### What you should do
Write down the listing again exactly as it appears below, without its pictures.

### Data shown
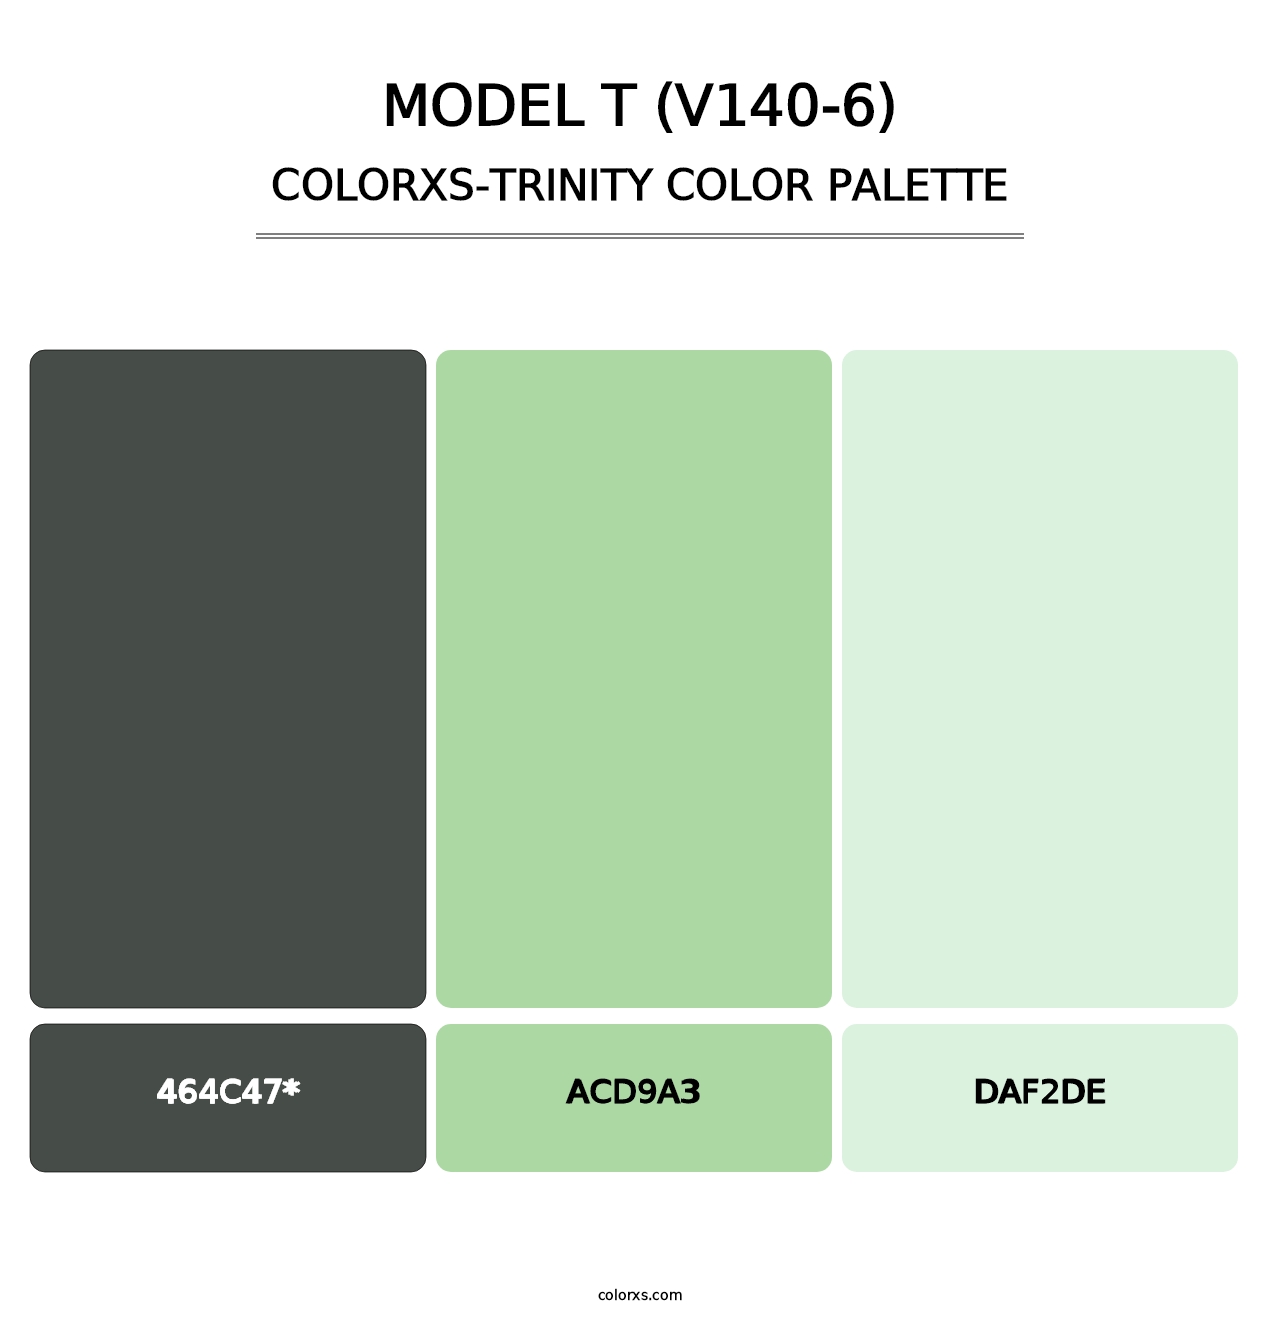 Model T (V140-6) - Colorxs Trinity Palette
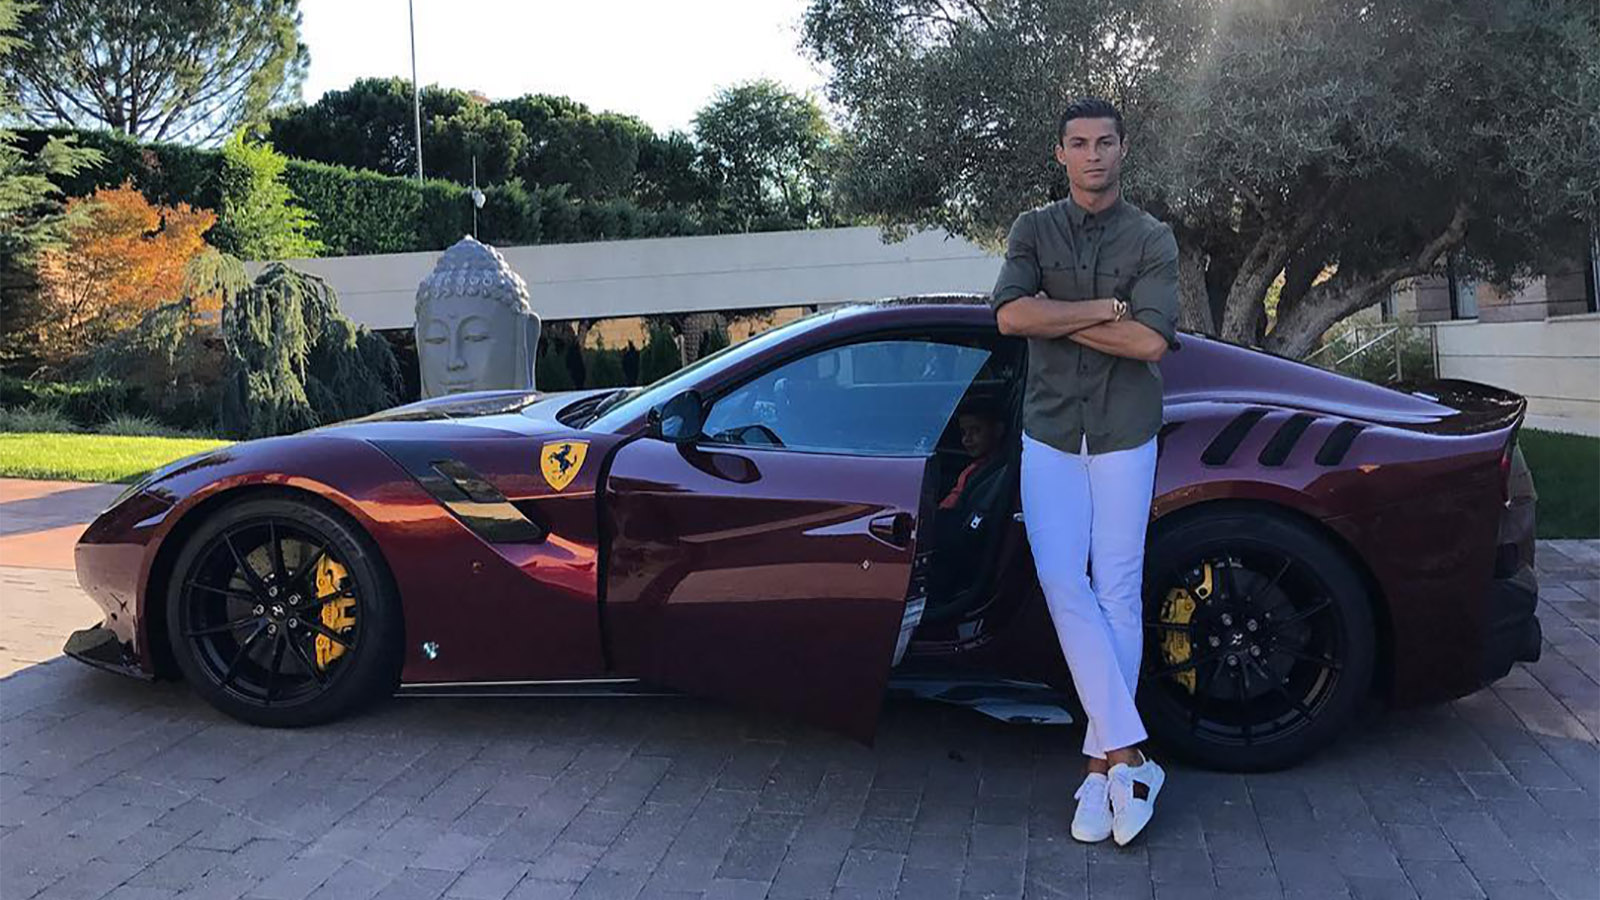 Cristiano Ronaldo's insane supercar collection will blow you away
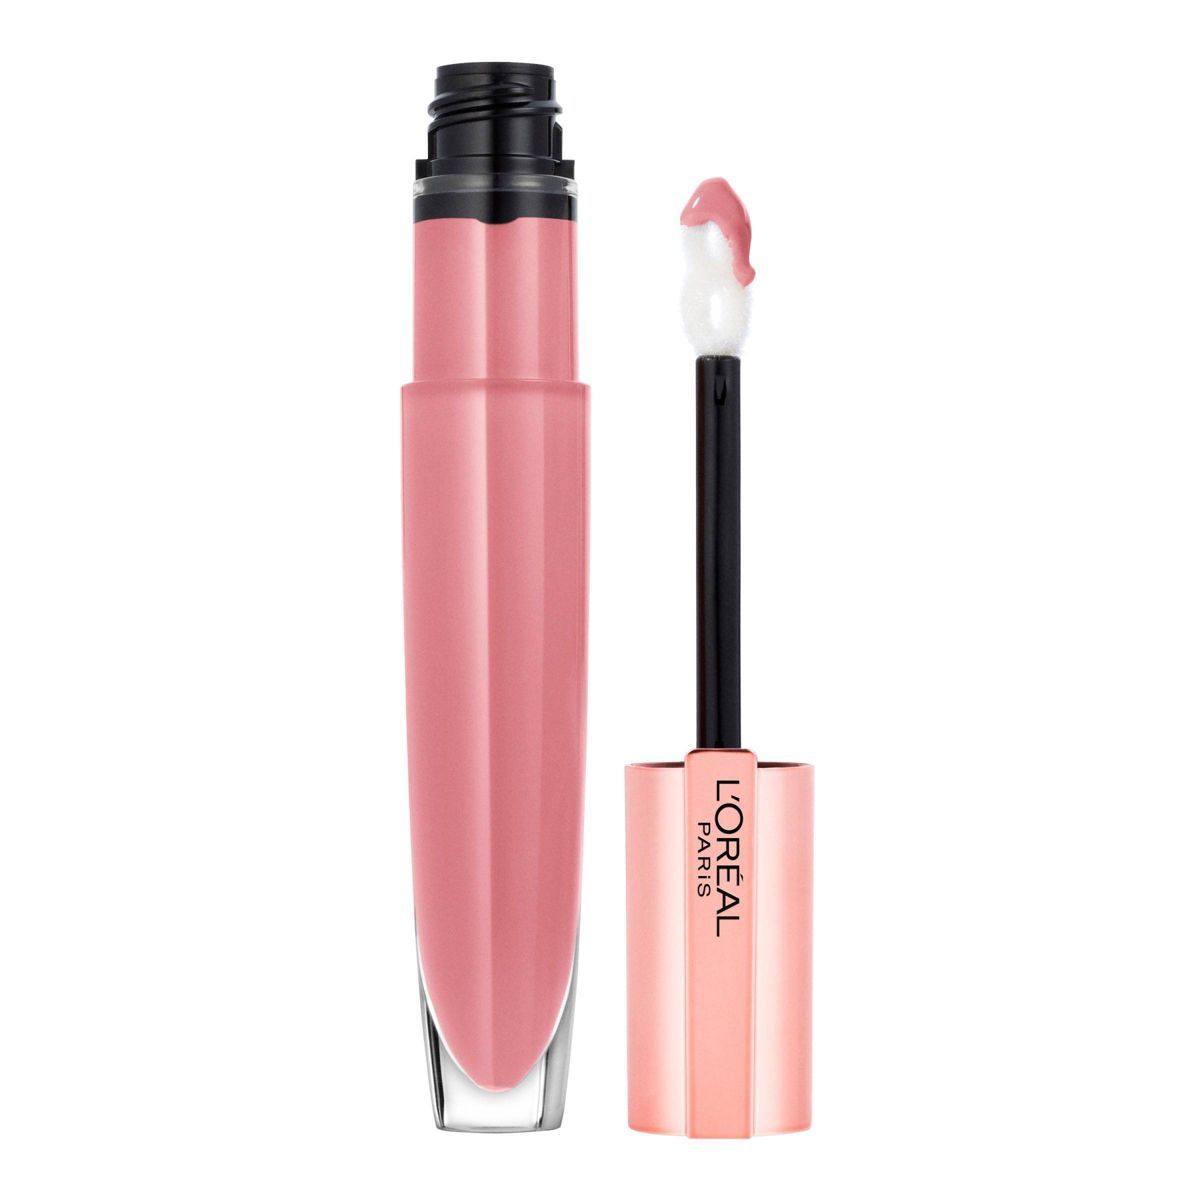 L'Oreal Paris Glow Paradise Lip Gloss with Pomegranate Extract - Blissful Blush - 0.23 fl oz | Target

### Result of this task
 Model T (V140-6) - Colorxs Trinity Palette
 Cristiano Ronaldo's insane supercar collection will blow you away
 L'Oreal Paris Glow Paradise Lip Gloss with Pomegranate Extract - Blissful Blush - 0.23 fl oz | Target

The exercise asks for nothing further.